But they generally don’t. Even with the church-sponsored Gospel Topics essays on the subject and various historic works, including those in the church-sponsored Joseph Smith Papers, far too many members still believe that polygamy is an unspeakable word or maintain that Smith never practiced it.

Nash’s little book fills that informational void nicely. At its very beginning, she defines the practice, explaining that what went on among early LDS leaders’ families was actually polygyny (the taking of multiple wives), not polygamy (the taking of multiple spouses), but that polygamy is the more common term.

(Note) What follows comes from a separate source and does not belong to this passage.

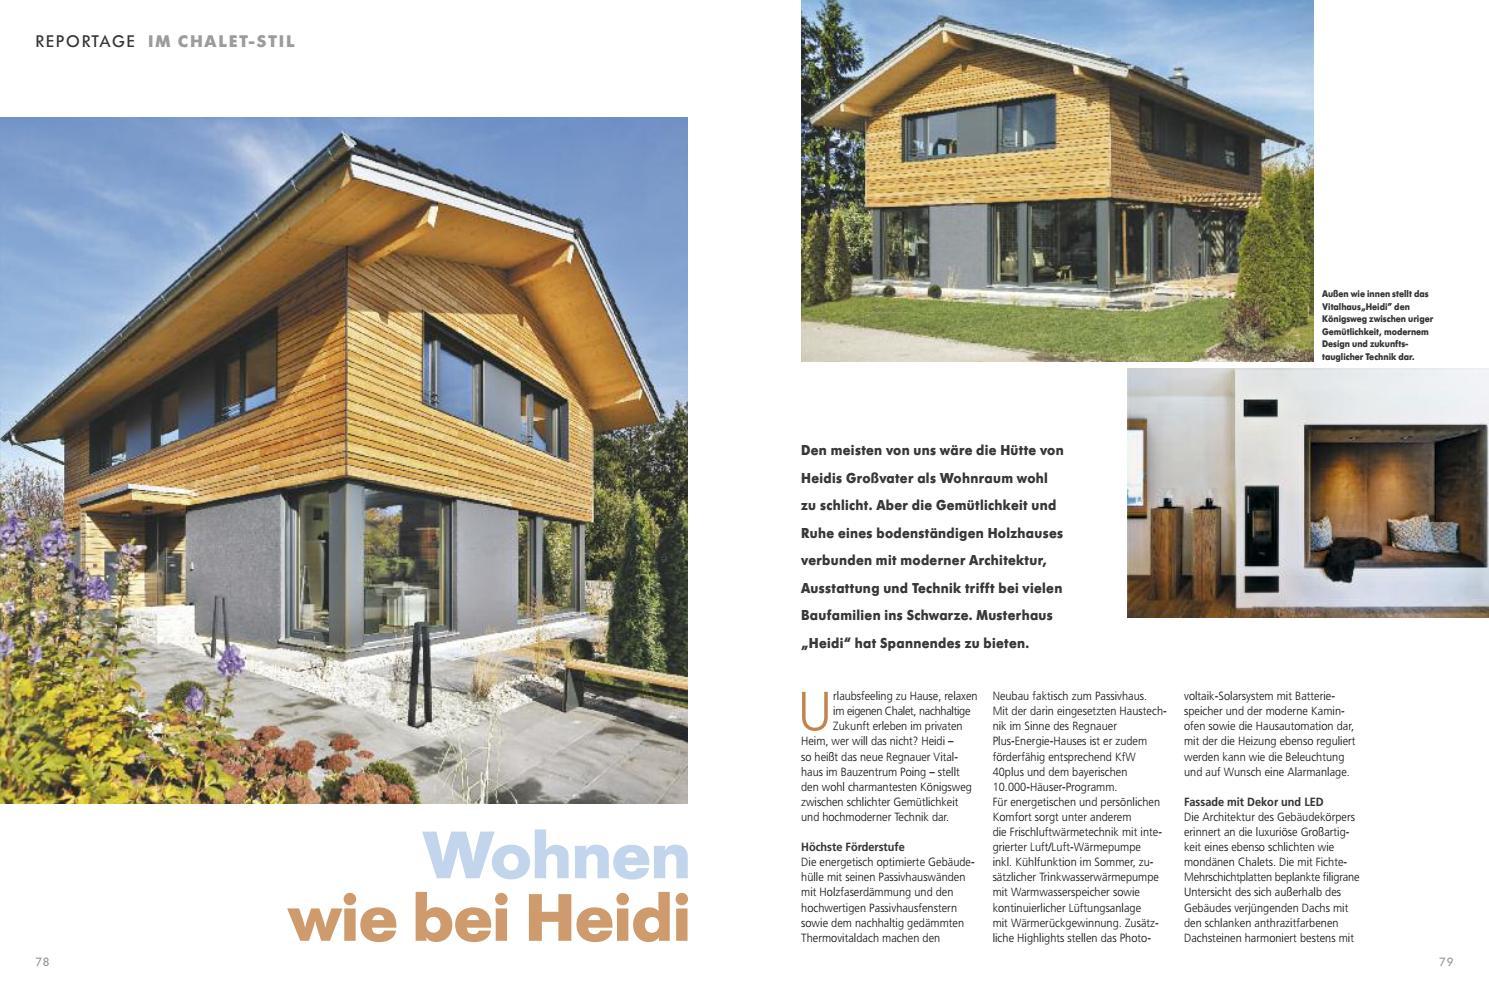 Regnauer Heidi Https Picload Org Image Wpdcgoc Erdgeschoss Png

The book relates the history of the practice in the early church and its messy untethering process at the dawn of the 20th century. Nash wonderfully includes many women’s voices of the time in describing their reasons for embracing polygamy or rejecting it, and she explains the polygamous sealing process, which today’s temple sealing ceremony obviously echoes, even though the sealings are now done monogamously.

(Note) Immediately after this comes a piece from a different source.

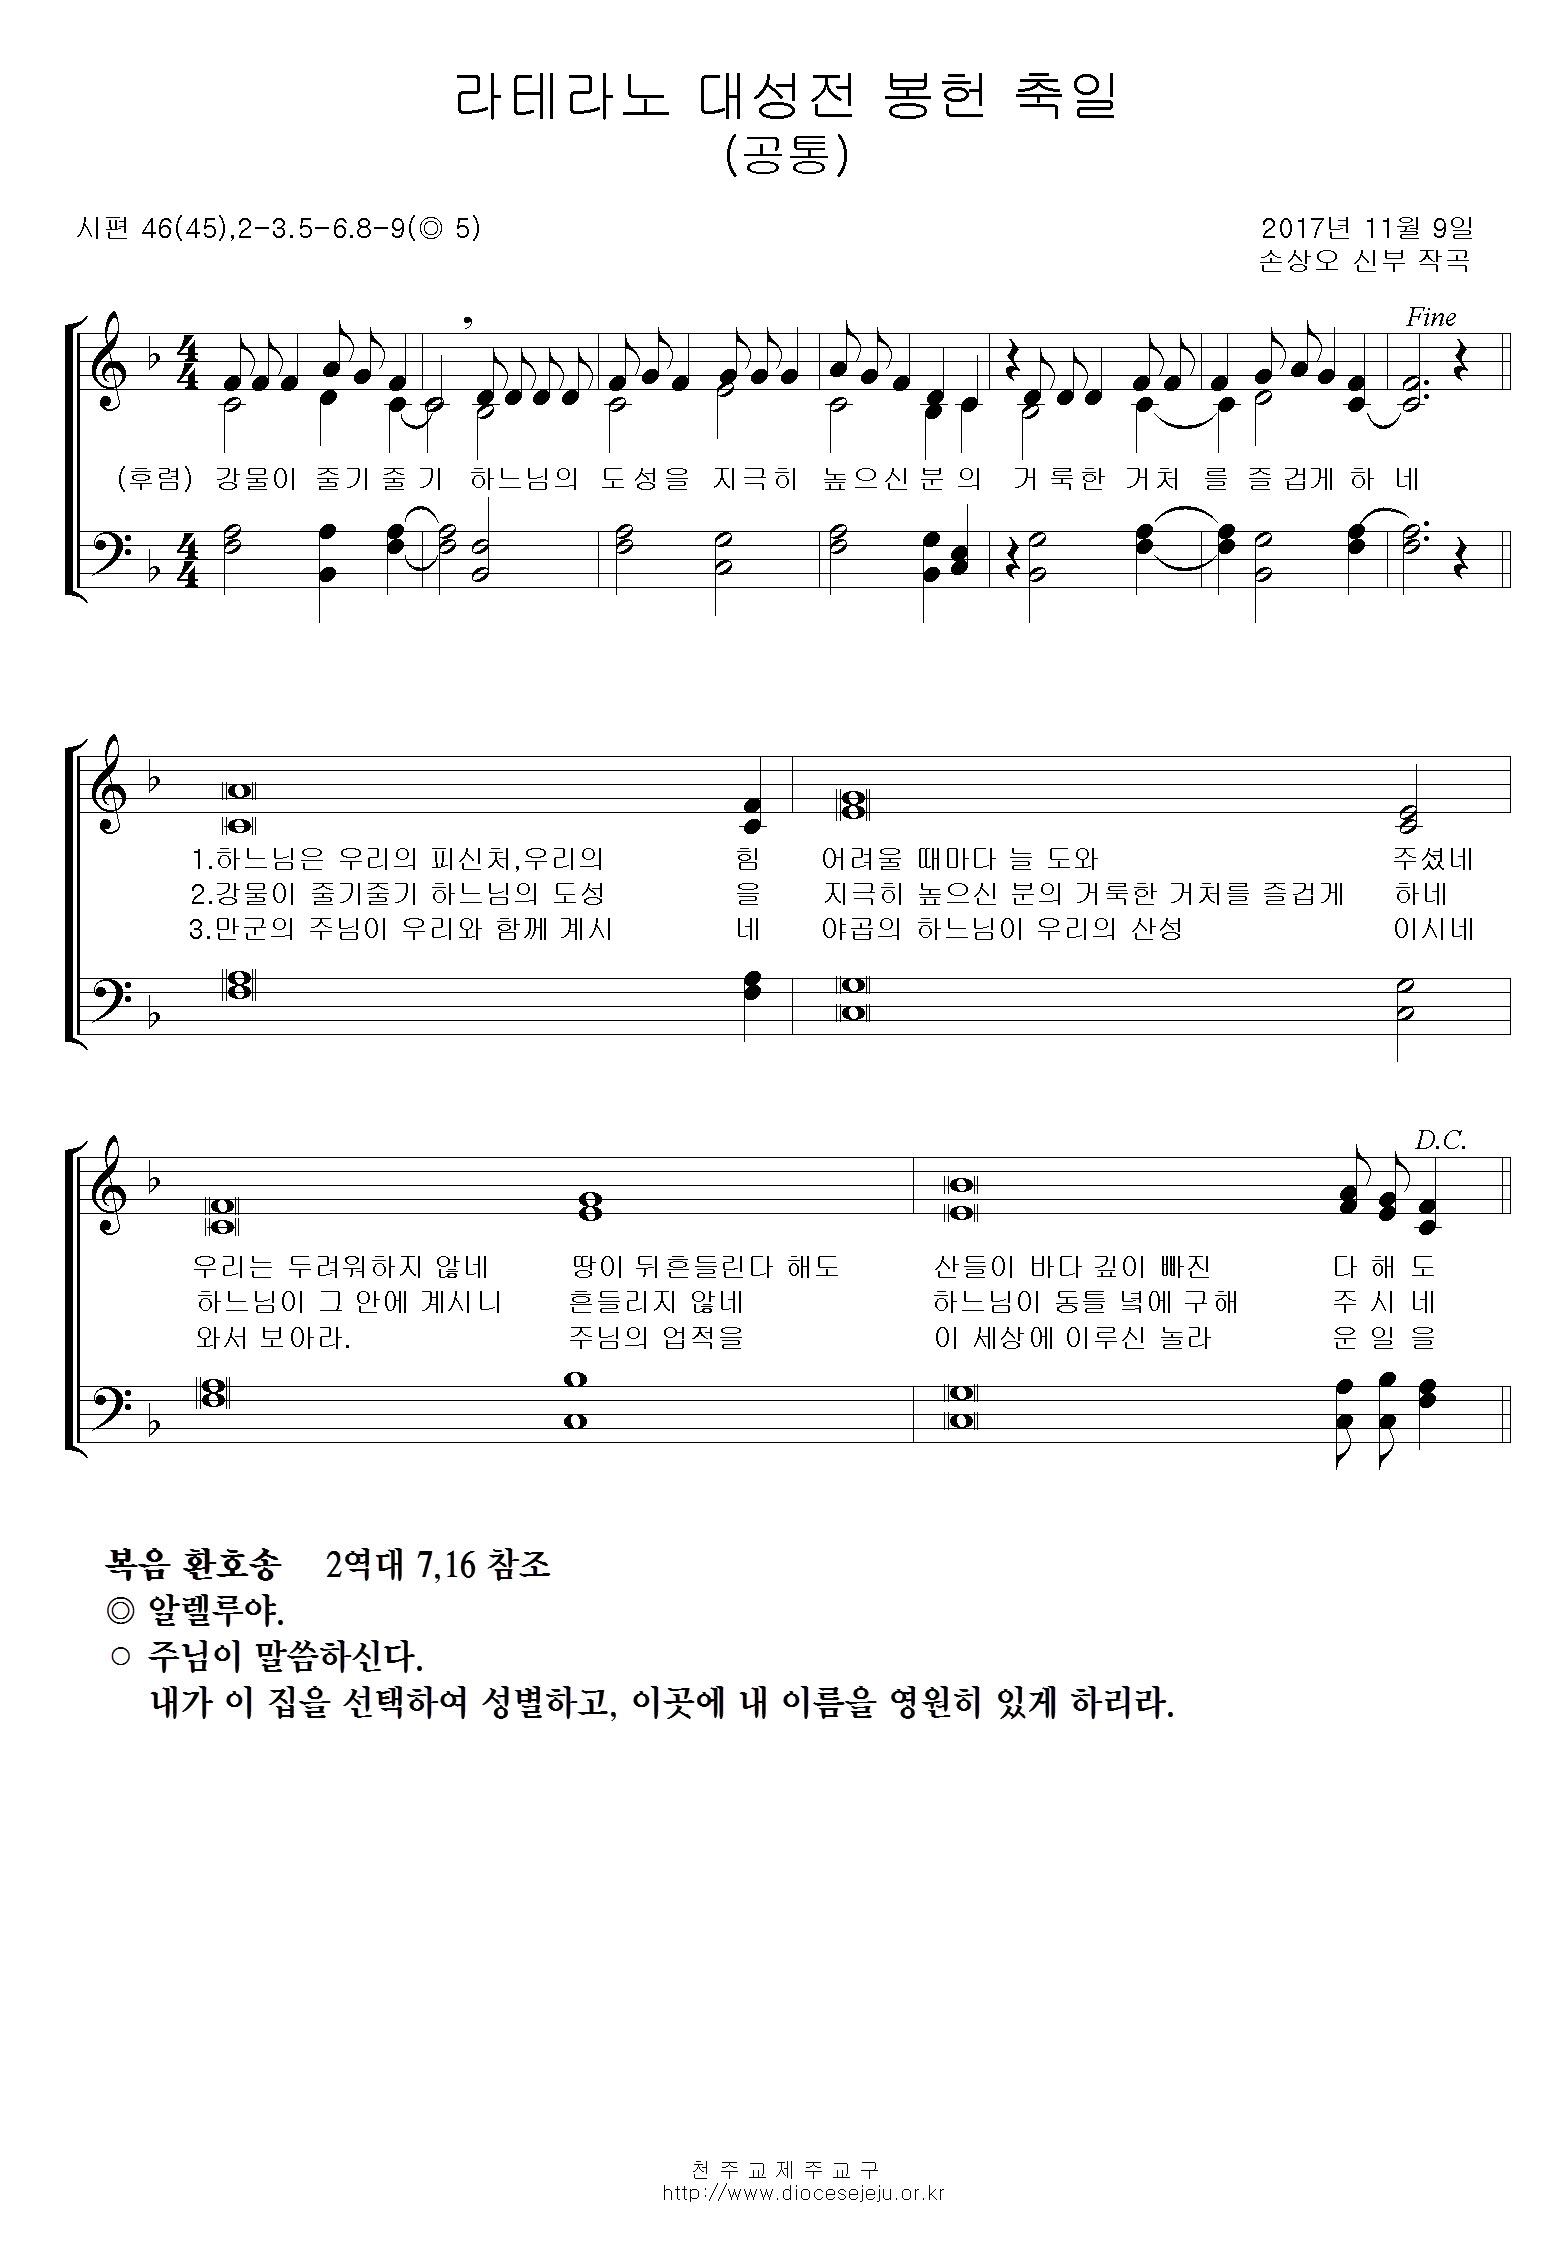 20171109-라테라노 대성전 봉헌 축일(공통).jpg

She also makes plain why so many early members felt they had to ascribe to the practice: Brigham Young, among others, taught that those men who were to be elevated to the highest degree of heaven and become Gods were those who entered into polygamy. Later, Wilford Woodruff, the LDS president who ended it, tried to soften Young’s dictum by explaining that men only needed to marry one other woman, not many multiples of women like so many high church leaders were doing at the time.

The book busts the myth that not many Mormons practiced polygamy, explaining that although the numbers aren’t exact because existing records are incomplete, taking Manti, Utah, as an example, at its height, just over 40% of its population was in polygamous households.

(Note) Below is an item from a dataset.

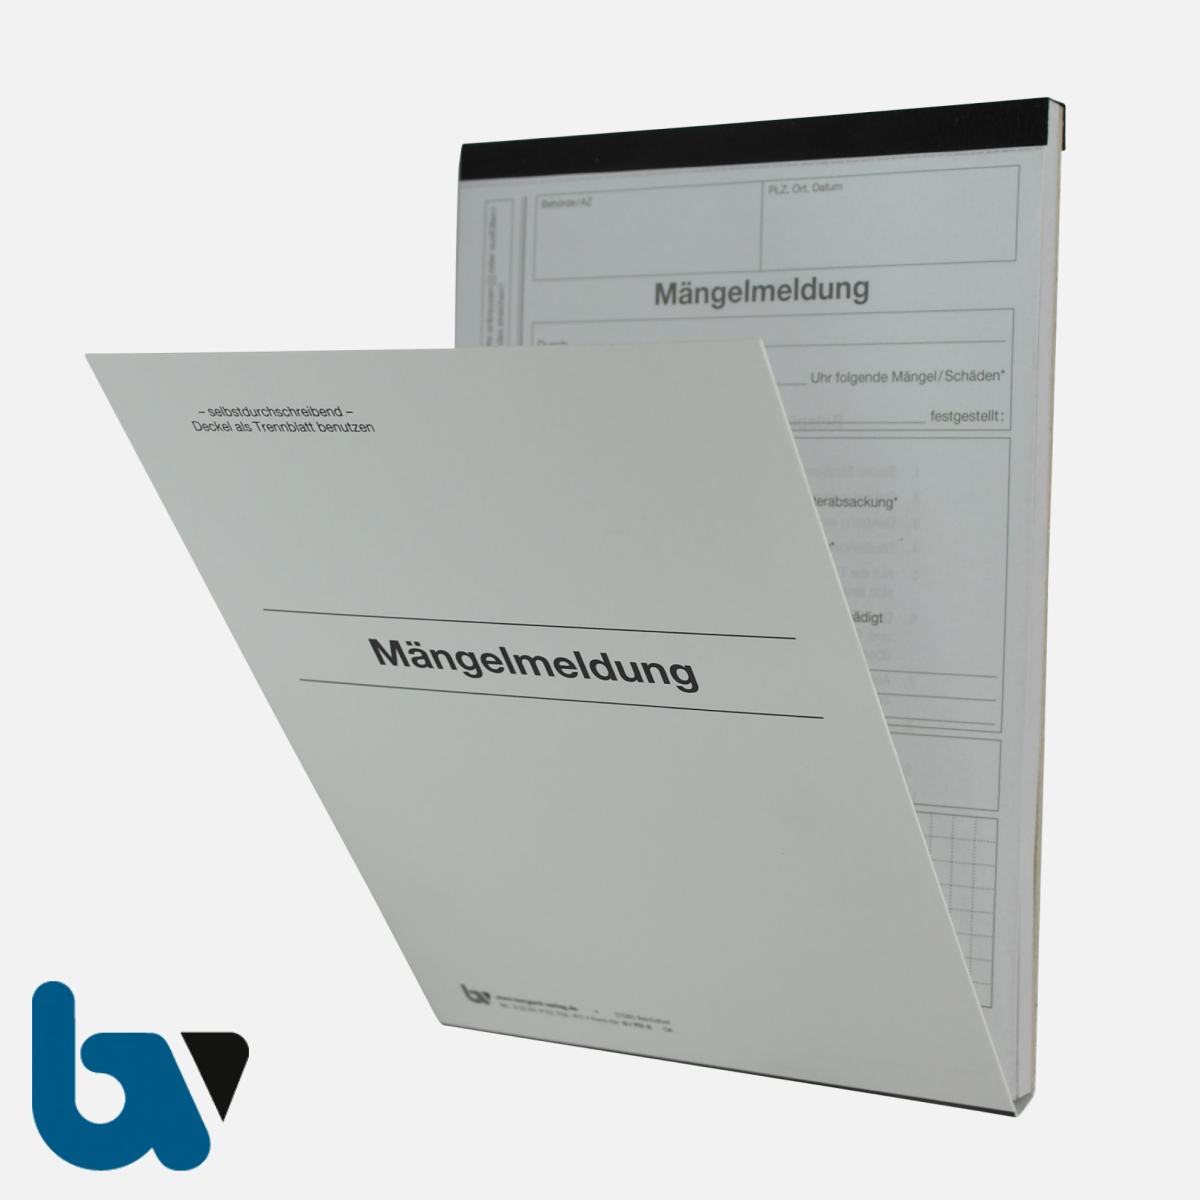 0/717-2 Mängelmeldung Fahrbahn Gehweg Kanal Verkehr selbstdurchschreibend Einschlagdeckel Durchschreibeschutz Schreibschutzdeckel perforiert DIN A5 Vorderseite | Borgard Verlag GmbH

I appreciate that Nash trusts me as a reader and gives the age of Joseph Smith’s youngest wife, Helen Mar Kimball, as 14, not, as the Gospel Topics essay does, “sealed to Joseph several months before her 15th birthday.”

In her final chapter, Nash asks, “What does polygamy mean to saints today?” She goes head-on at the idea that many members are uncomfortable with the idea of polygamy as it was practiced then and worry that it will be practiced in the hereafter. Clearly, we are still haunted by our polygamist past.

As perhaps we should be: Nash explains that the revelation has “never been denounced” by the church. This means that while men can be sealed to multiple women eternally — if their wife dies or they are divorced and granted a clearance, say — women are painfully and misogynistically not afforded the same sealing promise.

The unknowns about eternal polygamy, Nash notes, are unfortunately “answered with speculation and myths, creating undue fear and angst within some Saints.”

Nash cites President Dallin Oaks, who in 2019 began his general conference talk describing a letter from a woman who was afraid of having to live in the same eternal home with her husband and his first deceased wife. The remark was greeted with laughter from the audience and a smile from Oaks. 

I noted on Twitter then that you should never make fun of women afraid of eternal polygamy. Or, as another writer has said: “We haven’t really engaged with the issues, either institutionally or culturally. And by refusing to engage with the problems, we’re essentially telling our sisters and brothers who face them that we don’t care about their situation, because all is well with us.”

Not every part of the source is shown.